HURRRRRRAAAAAAAAAAAAAAAAAAAAAYYYYYYYYYYYYYYYYYYYY!!!! (The reader should note that I paused typing, to jump around the living room, doing a happy dance, which may have been a naked happy dance!).
When I was booking the registry office, for the day of my wedding- I asked my husband to be, what time he would prefer. He seemed quite adamant about the time he chose, I was pleased he was so interested in our happy day.
The day of our nuptuals arrived, and when we arrived at our reception- he asked if I would like to go upstairs for a ‘glass of champagne’. We arrived in the room. He looked around furtively. This all boded well, I prepared to lock the door, and proffered the vintage veuve cliquot bottle for opening. He turned, looked at me, with excitement in his eyes. And went for the television. Arsenal vs Chelsea, Quarter Final, FA Cup. He asked if I had minded booking the wedding with the kick off time in mind. I went back downstairs to join our guests, while several of his friends piled in, to check the score.
We boarded the plane to our honeymoon. Ten days for the Fallas festival in Valencia(http://www.valenciavalencia.com/culture-guide/fallas/fallas.htm). As I boarded the plane, I was slightly perturbed by the number of Arsenal shirts. He said that Arsenal would be playing Valencia, in the Champions league(also quarter final I recall), and seemed surprised I was not as happy about this little ‘coincidence’ as he was.
Learning my expected date of delivery, for our beautiful daughter, was met with much frantic scrabbling through fixture lists. He attempted a discussion about what would happen if I went into labour, during Watford vs Arsenal(apparently v important as Watford are his home team). Good wife that I am, I said I would ask our daughter to stay put during said match, but if all else failed, he would fucking switch the television off, and deal with the pain. I was sure they could give him some pethidine to soften the blow.

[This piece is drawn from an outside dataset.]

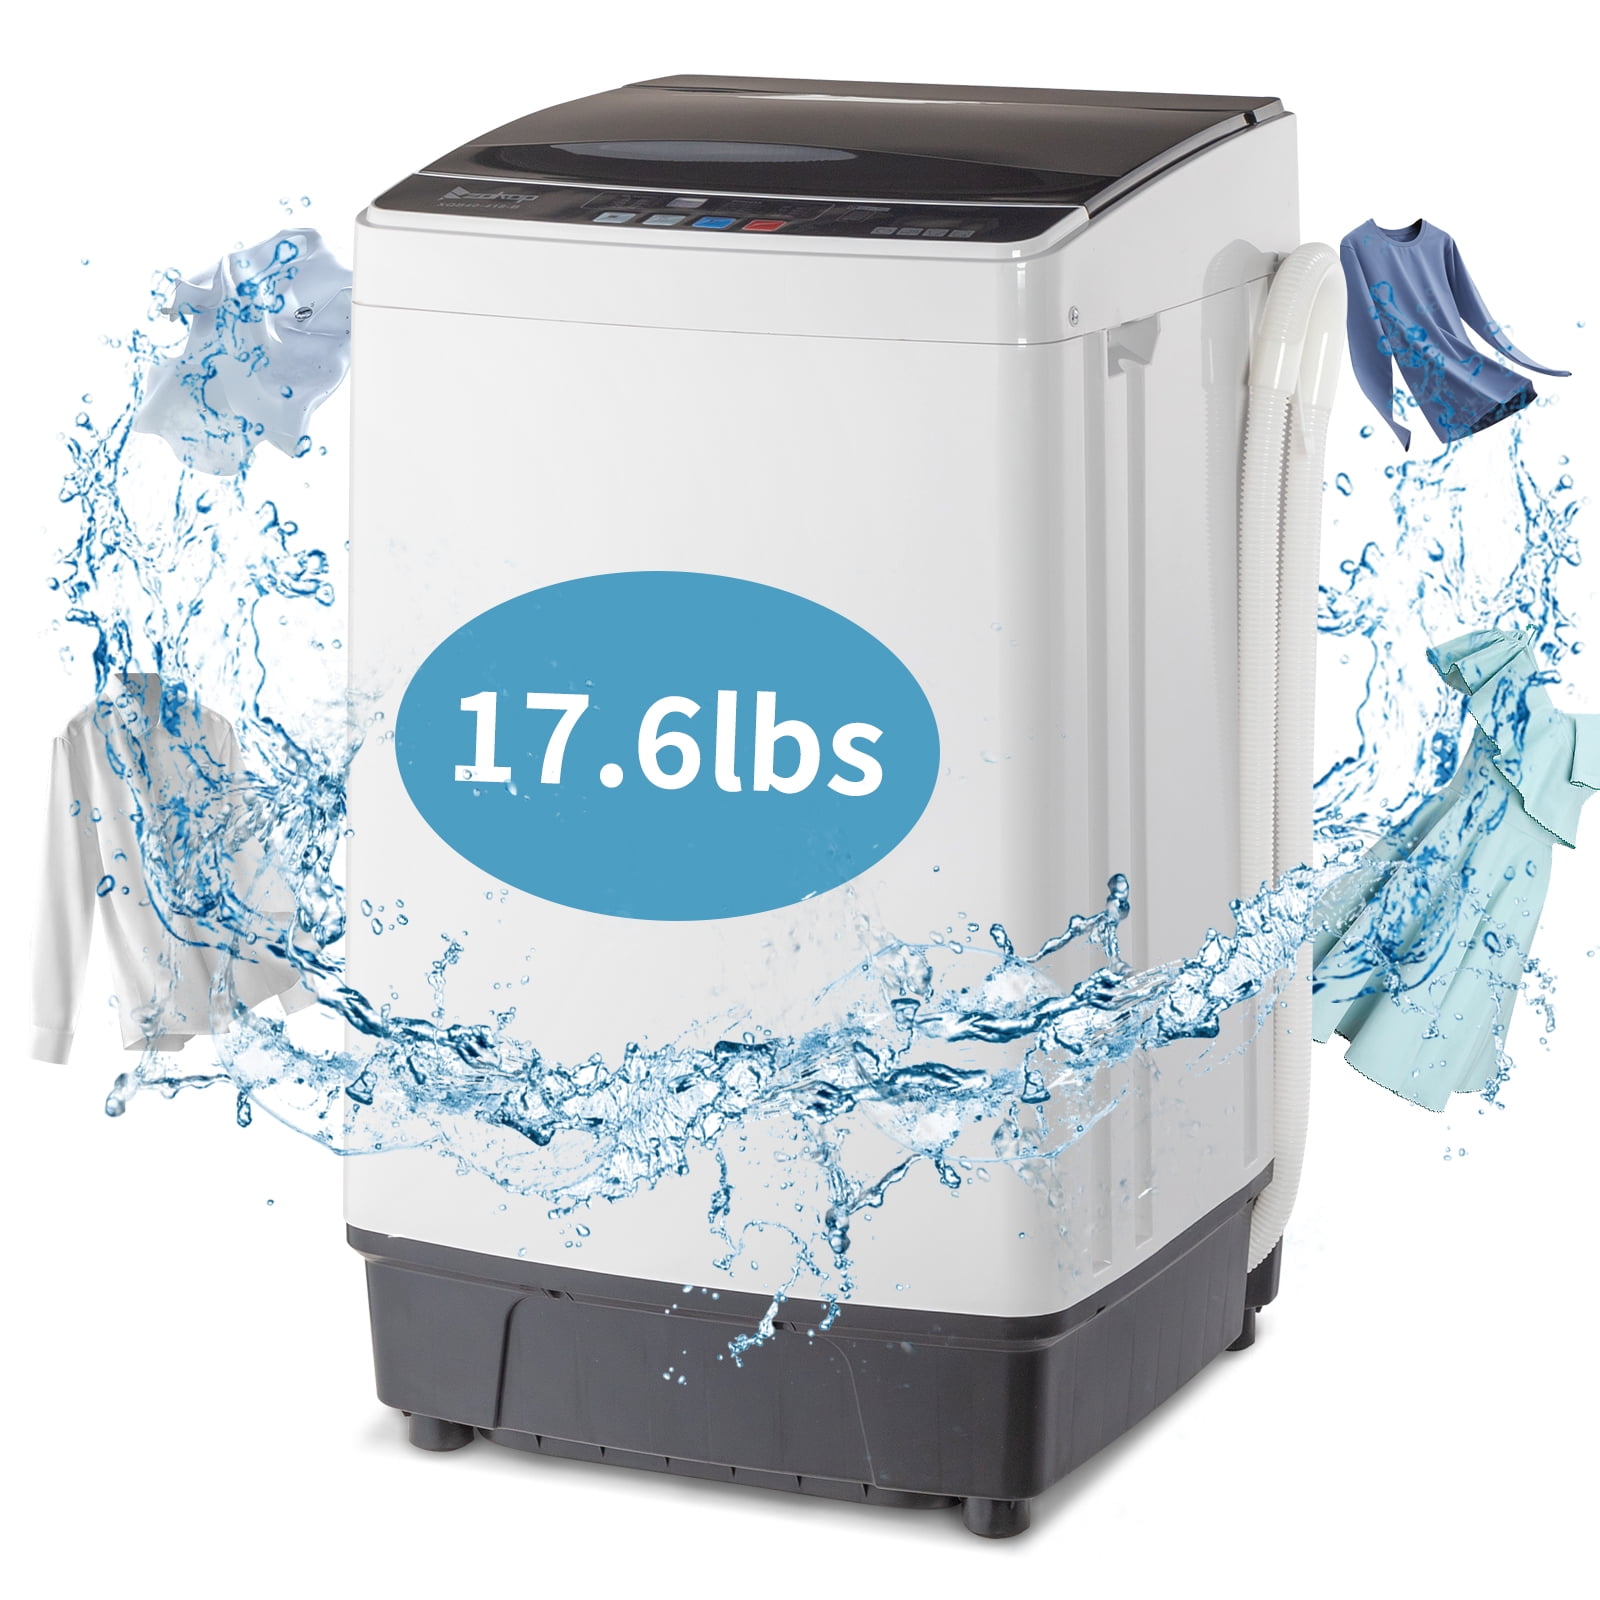 Ktaxon 13.4lbs Portable Mini Washing Machine Compact Twin Tub Wash

When watching football matches, I am always struck with the immediate thought, that I have in fact, already seen this match. Same green pitch. The same amount of blokes running round the pitch. It always follows the same format- they run around. At some point one of the guys will kick a ball, into the little arches at the end of the pitch- this will happen on average between one, and four times. It will go on for the same amount of time. And the score will be one of very few variables- with occasions where the score falls outside those parameters, being discussed for ages on various commentary programmes for years after it occurs. If a film was so predictable- noone would care.
THe advent of digital television means that there will always be a channel, with some variation of this game, discussion of this game, analysis of this game, news from this game. I cannot fathom how such a predictable event could warrant so much discussion and money. On Radio, Radio5Live, will use this game as a reason to vent the most racist, mysogynistic, ill informed views possible, under the guise of this futile macho bonding excercise.
From August to June of every year, the television in my house appeared to develop a fault, whereby every time you appeared to have paused viewing something, perhaps this pause was indicated by you blinking- the television would return to its default setting of SkySportsNews- for incomprehensible tables to occupy the screen, while some junior anchor tried to fill the airtime with pointless dull comment, on the progress of the season.
So here I am, on the first day of the football season- doing my naked happy dance, seperation has MANY benefits.